Edward Dalton (Ethan Hawke) and Lionel 'Elvis' Cormac (Willem Dafoe)

After the marvellous 2003 Australian zombie/science-fiction film Undead, the Queensland filmmaking brothers Michael and Peter Spierig have now written and directed the Australian/USA co-production Daybreakers. Set in 2019, Daybreakers presents a future where the vampires have won and now populate the Earth. As the blood supply begins to run dry, the human-friendly vampire researcher Edward Dalton (Ethan Hawke), who is searching for a blood substitute, falls in with a gang of renegade humans.

The techno-gothic world of Daybreakers merges classic vampire mythology with advanced technology and corporate culture in a way not too dissimilar to the Blade films and the Angel television series.
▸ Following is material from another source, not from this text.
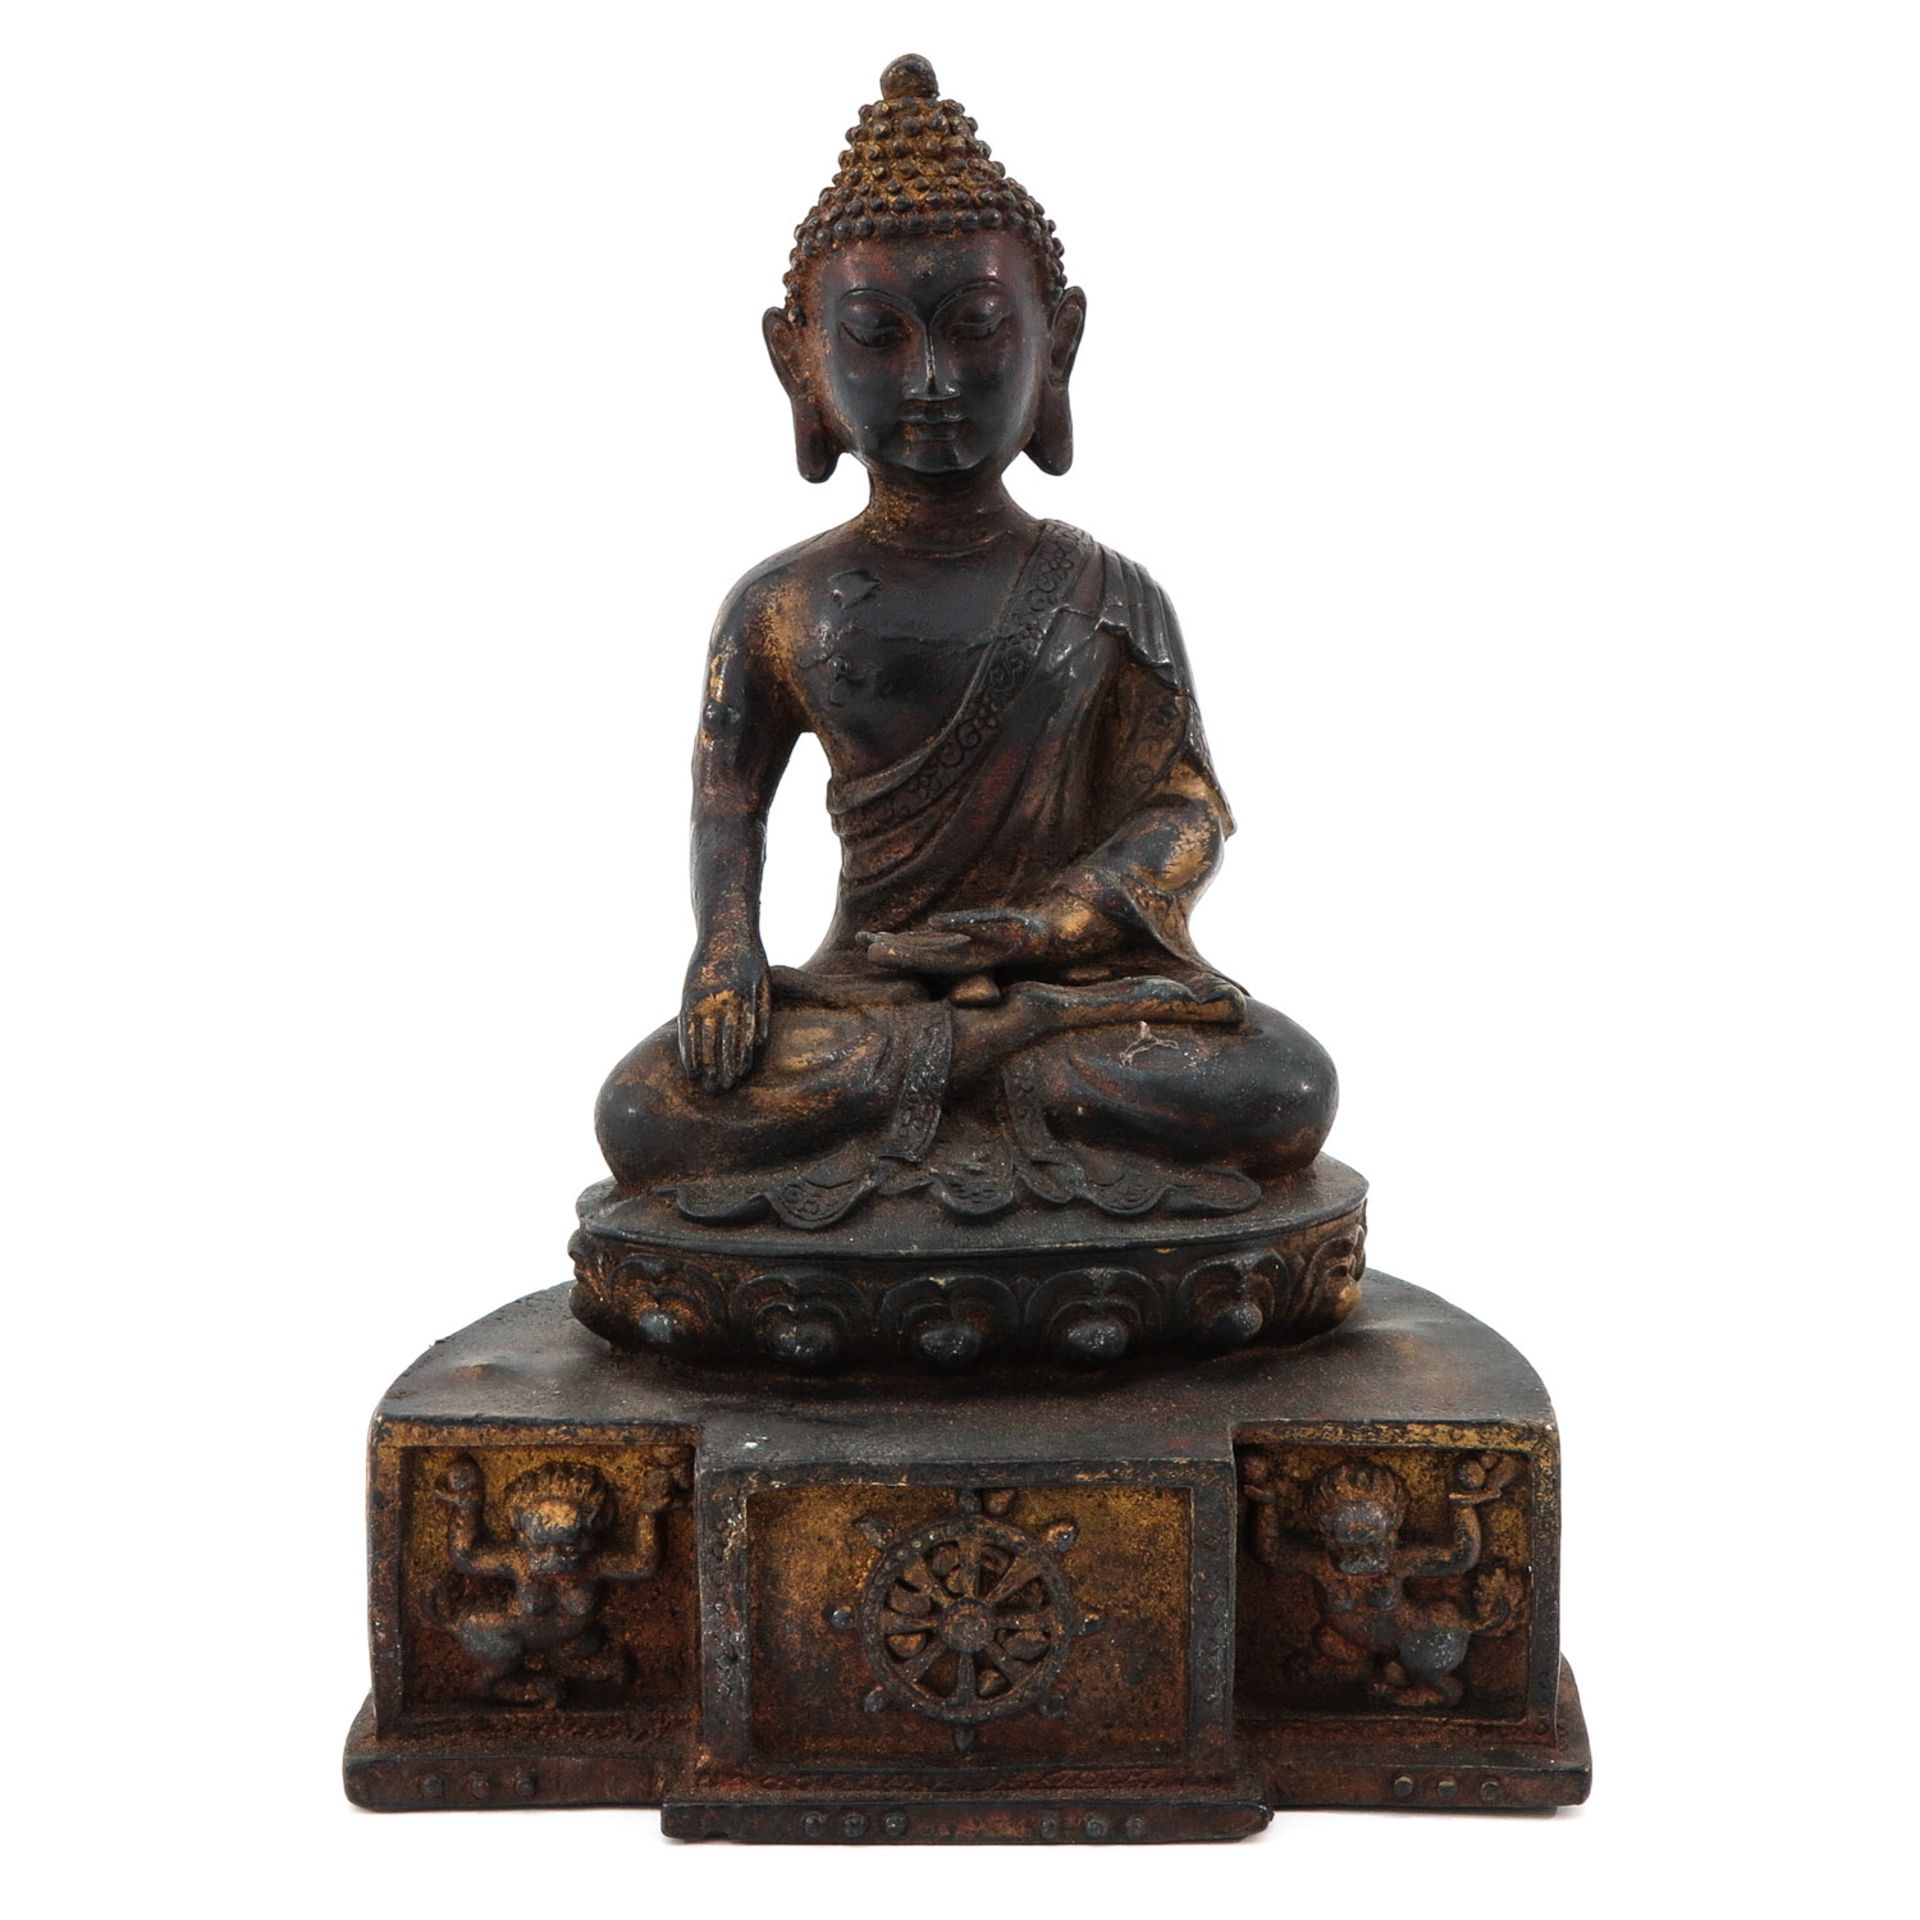 A Bronze Buddha Sculpture
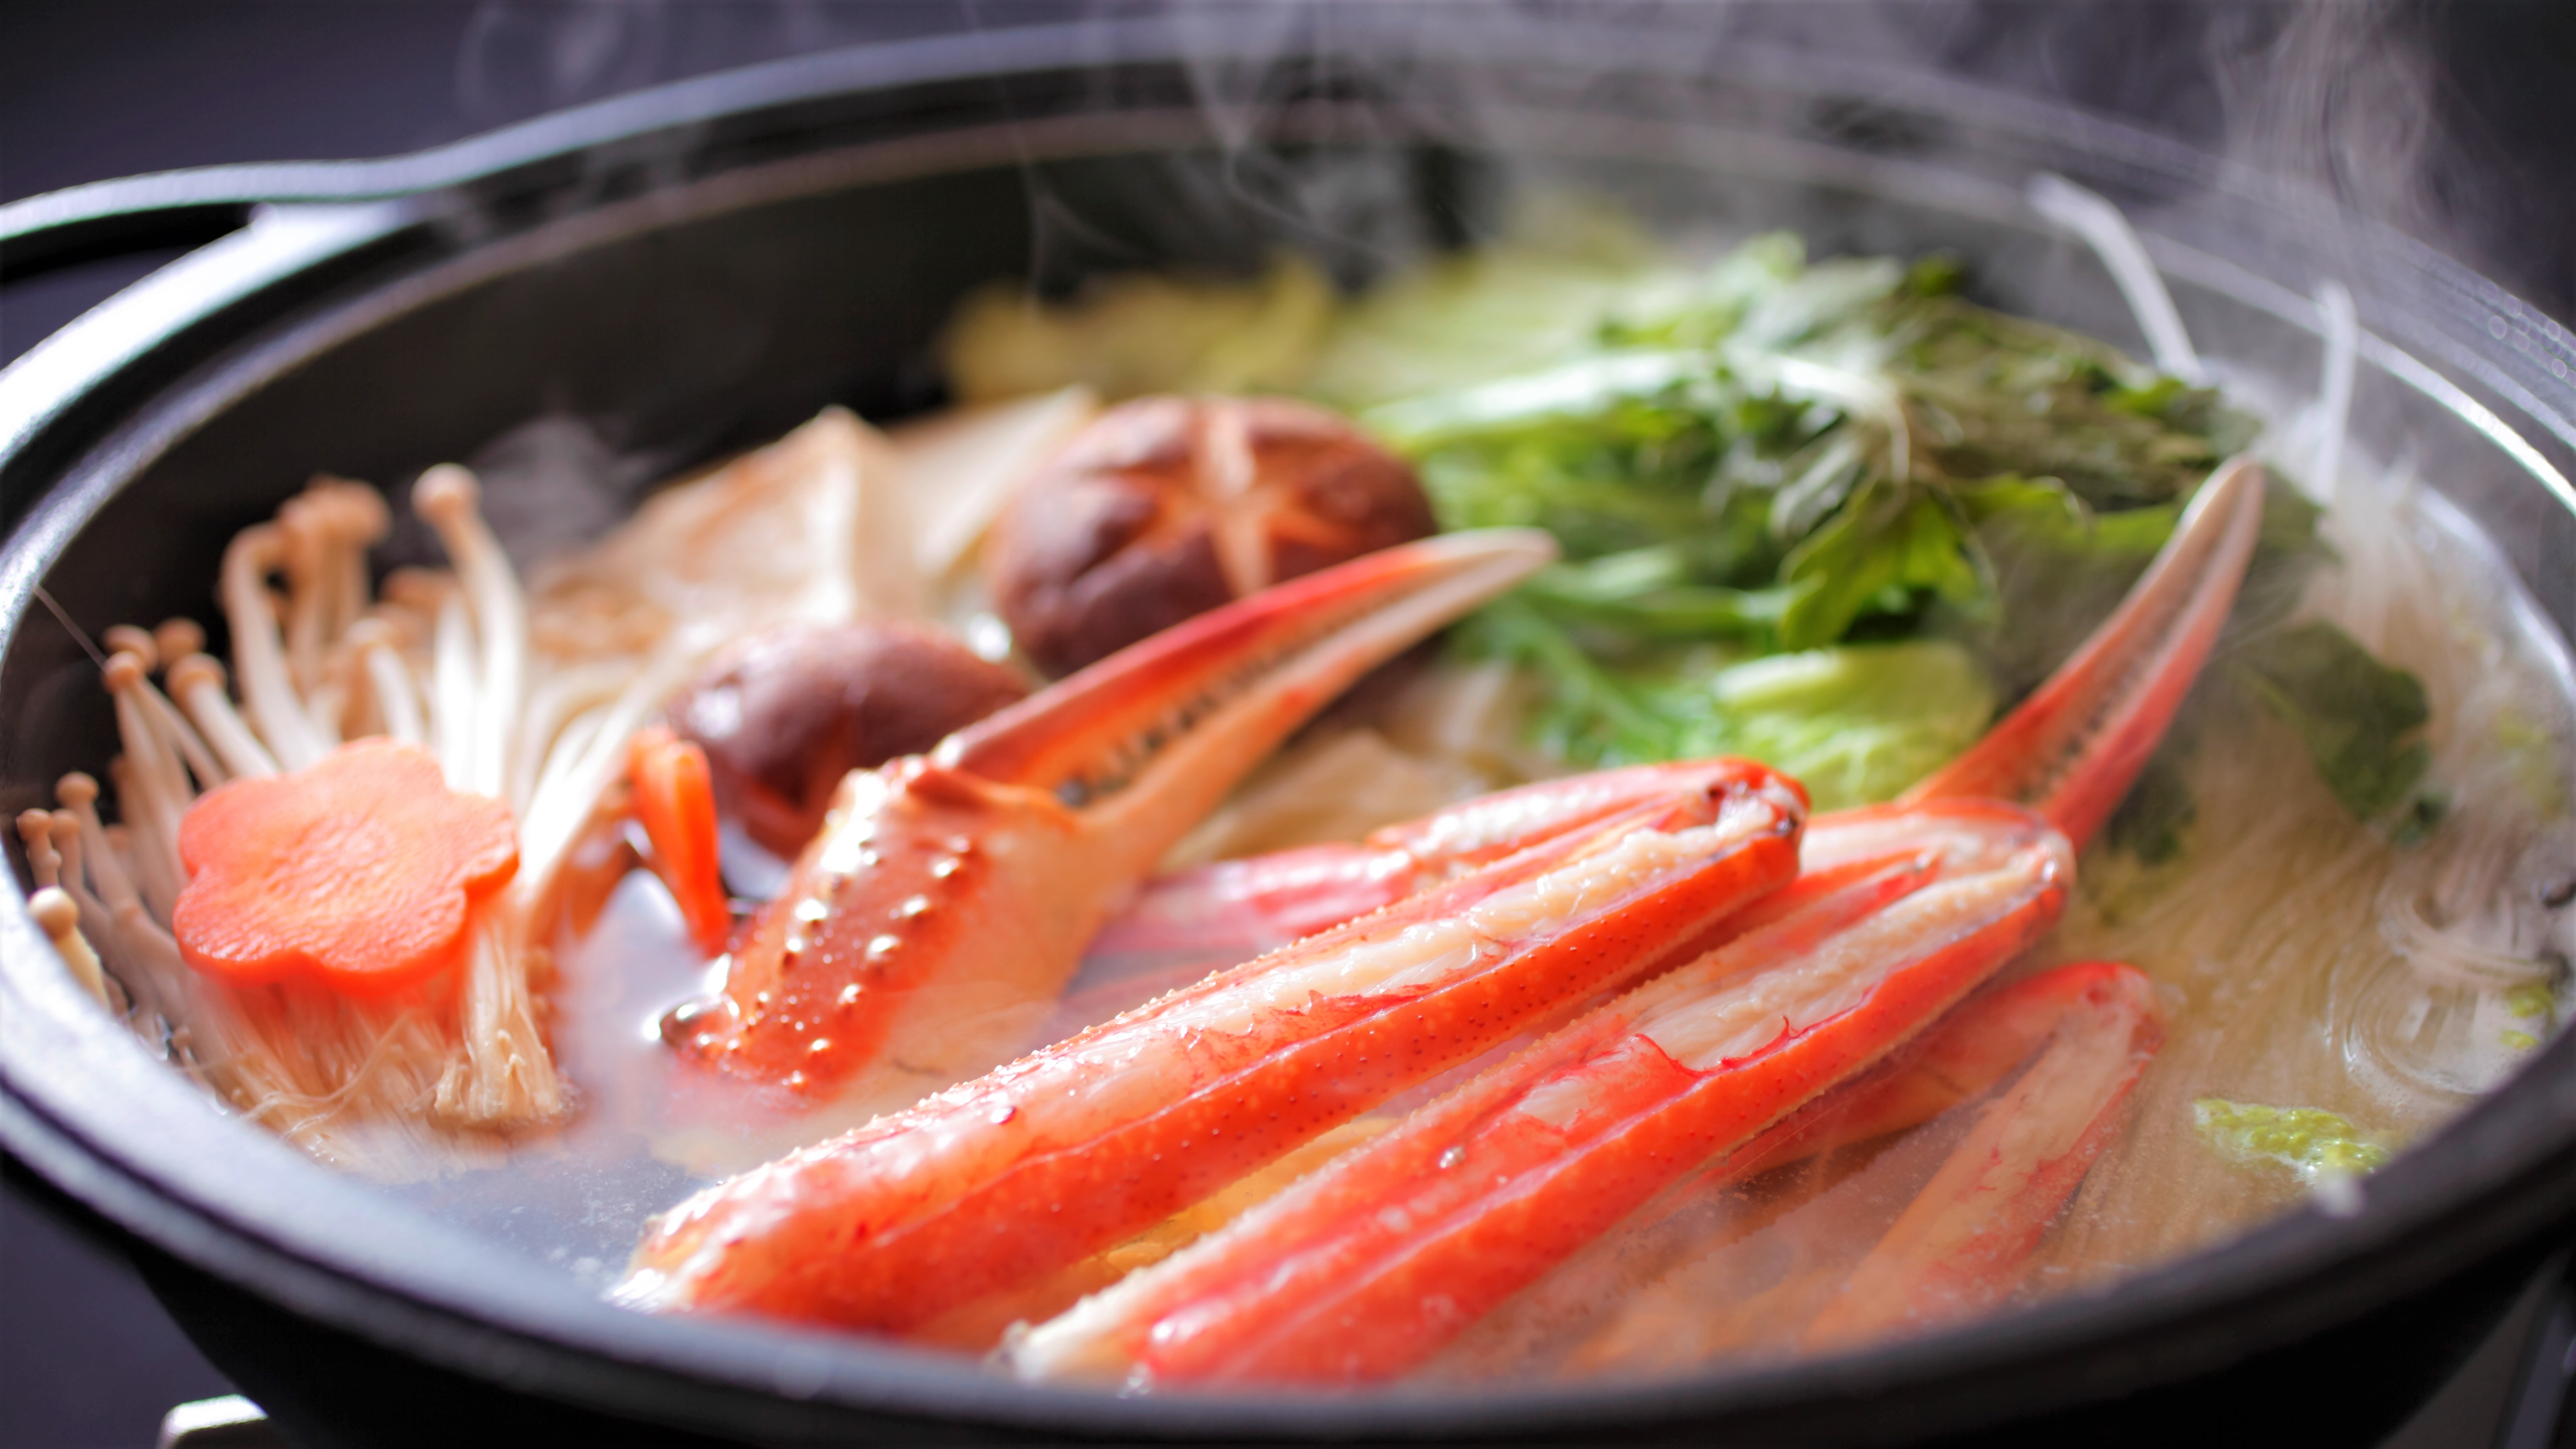 【カニすき鍋】冬の定番カニすき鍋は当館自家製のポン酢でどうぞ♪

Daybreakers is nevertheless highly inventive, containing plenty of interesting and original ideas about vampire technology, vampire physiology and the sociological implications of a vampire world.

Unfortunately weak dialogue and plotting drag the film down and not even the strong cast, which includes Willem Dafoe, Sam Neill and Claudia Karvan, are able to compensate. Attempts at humour fall flat and the over-reliance on CGIs makes the futuristic city setting look artificial. For all its conceptual greatness Daybreakers is ultimately a B-grade film that never quite lives up to its potential.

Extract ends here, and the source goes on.